Но проходила минута-другая, снова наливались чарки и провозглашались тосты — то ли за военноморскую, то ли за гражданскую авиацию, не помню, дед вместе со всеми опорожнял свою посудину, закусывал селедочкой с лучком и опять начинал дуть в ухо, как в рупор:
— Ты вот что, Эдя… Ты перво-наперво с беднотой… Беднота — это, брат, такой народ… — Ну, как будто он всю жизнь только и делал, что «Блокнот агитатора» читал.

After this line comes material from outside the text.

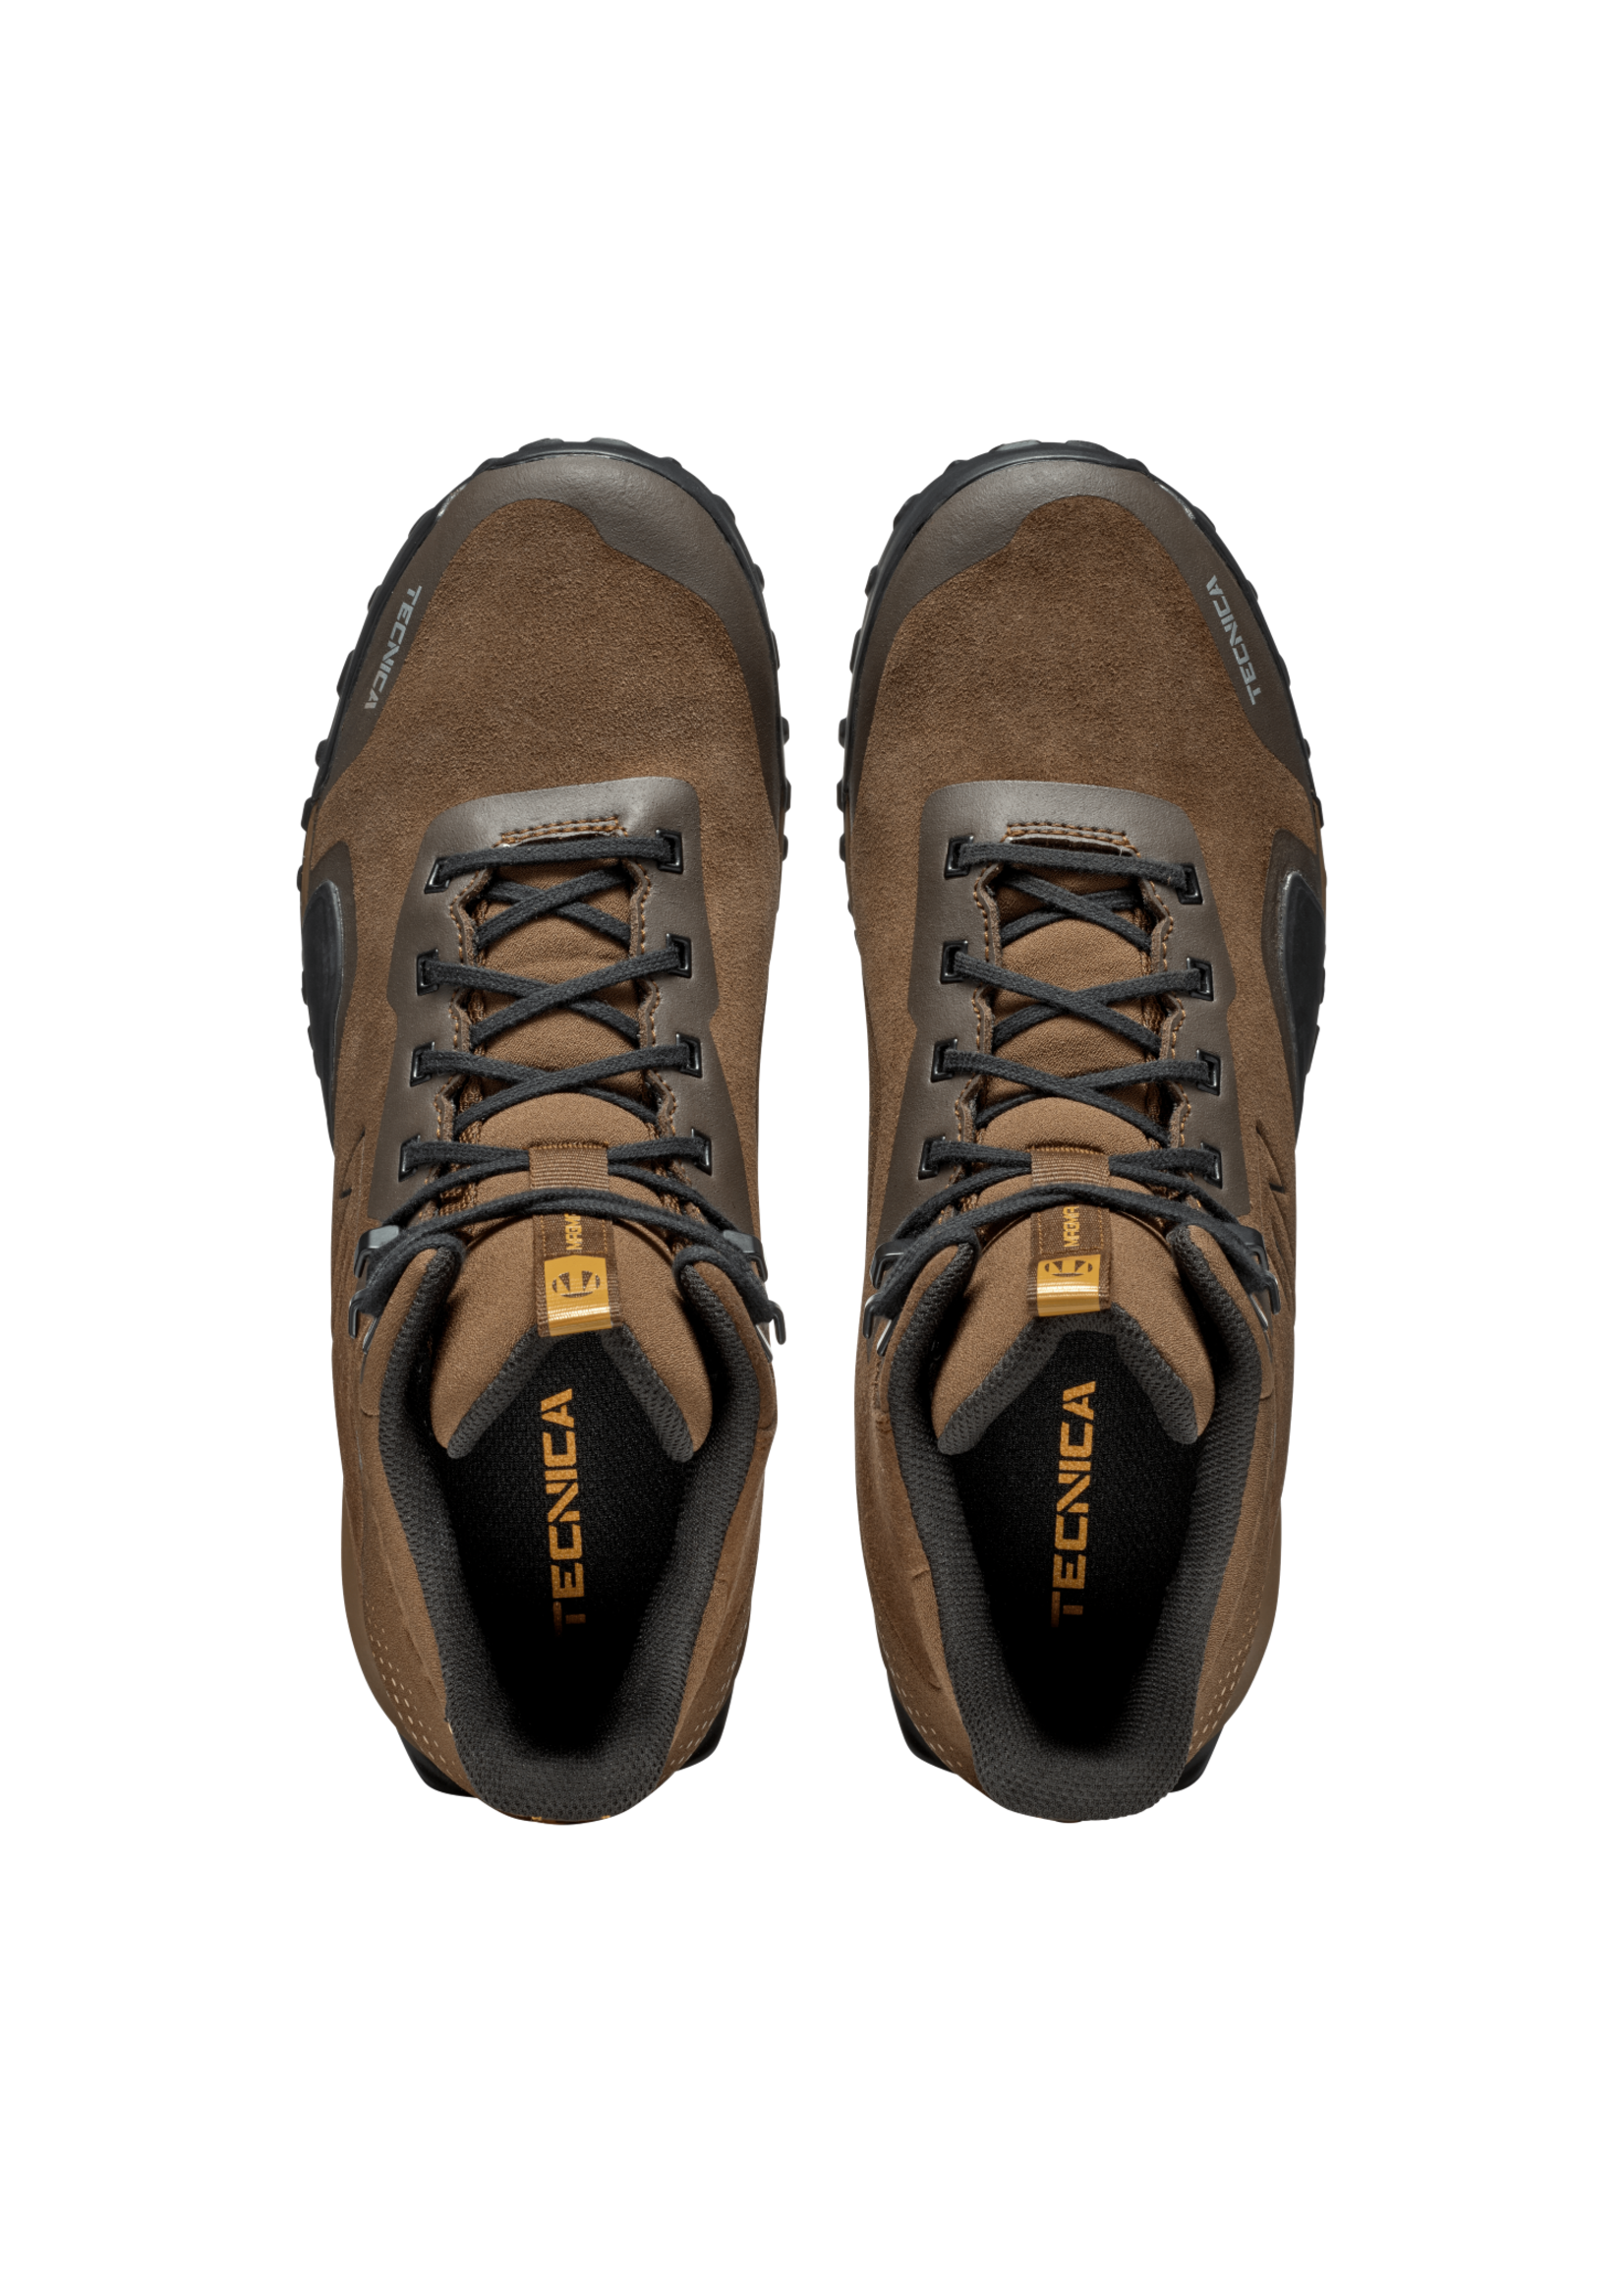 Tecnica Tecnica Magma 2.0 Mid GTX Hiking Boots - Men

А после того, как внук помахал ручкой и отбыл для дальнейшего прохождения службы, дед Макар вообще помешался на космосе. И дома и в гостях — всюду один разговор: космос да космос… Раза два заходил в редакцию местного вещания, здоровкался с каждым в отдельности, усаживался чин чином, как полагается, и начинал разъяснительную работу.
— Я полагаю, там, — кивок вверх, — есть жизнь. Если бы там, — опять кивок вверх, — не было этой самой жизни, то, скажите на милость, зачем нам туда рваться? Что мы там, сапоги забыли? — И дед Макар, страшно довольный «сапогами», заливался детским смехом.
— Ну, дед, после Эриха Деникена это уже не открытие, — мягко замечали хлопцы.
— Ты мне своим Деникеном не тыкай! — вскипал дед Макар. — Я этих Деникенов в гражданскую как тебя видел. И ничего, жив остался.
— Так этот же Деникен совсем другой Деникен. Этот же Деникен ученый, мировая голова, можно сказать… Ты почитай, что он пишет. «Есть жизнь!» И скажет, честное слово… Там, — кивок вверх, — этой самой жизни столько, что от нее никому житья нету! — И хлопцы зачитывали тот самый отрывок из журнала, который уже известен читателю.
Слушая, дед Макар все ближе и ближе подвигался к микрофону, надеясь, что его опять запишут «на интервью», но — увы! — счастливый случай не повторился.
Бывали и дельные советы, не без того. Однажды, это было за день до отъезда, я совершал обычную утреннюю пробежку. По улице Крутишинской, гляжу, наперерез мне чешет дед Макар — только посошок в руке мелькает. Я сбавил скорость, перешел на шаг, остановился. «В чем дело?» — думаю. Дед Макар между тем тоже остановился, перевел дух и, тыча посошком куда-то в небо, заговорил: — И главное, когда прилетишь, ребятню к аппарату не подпускай, чуешь? А то отвинтят какую-нибудь гайку, и шабаш, обратно не воротишься.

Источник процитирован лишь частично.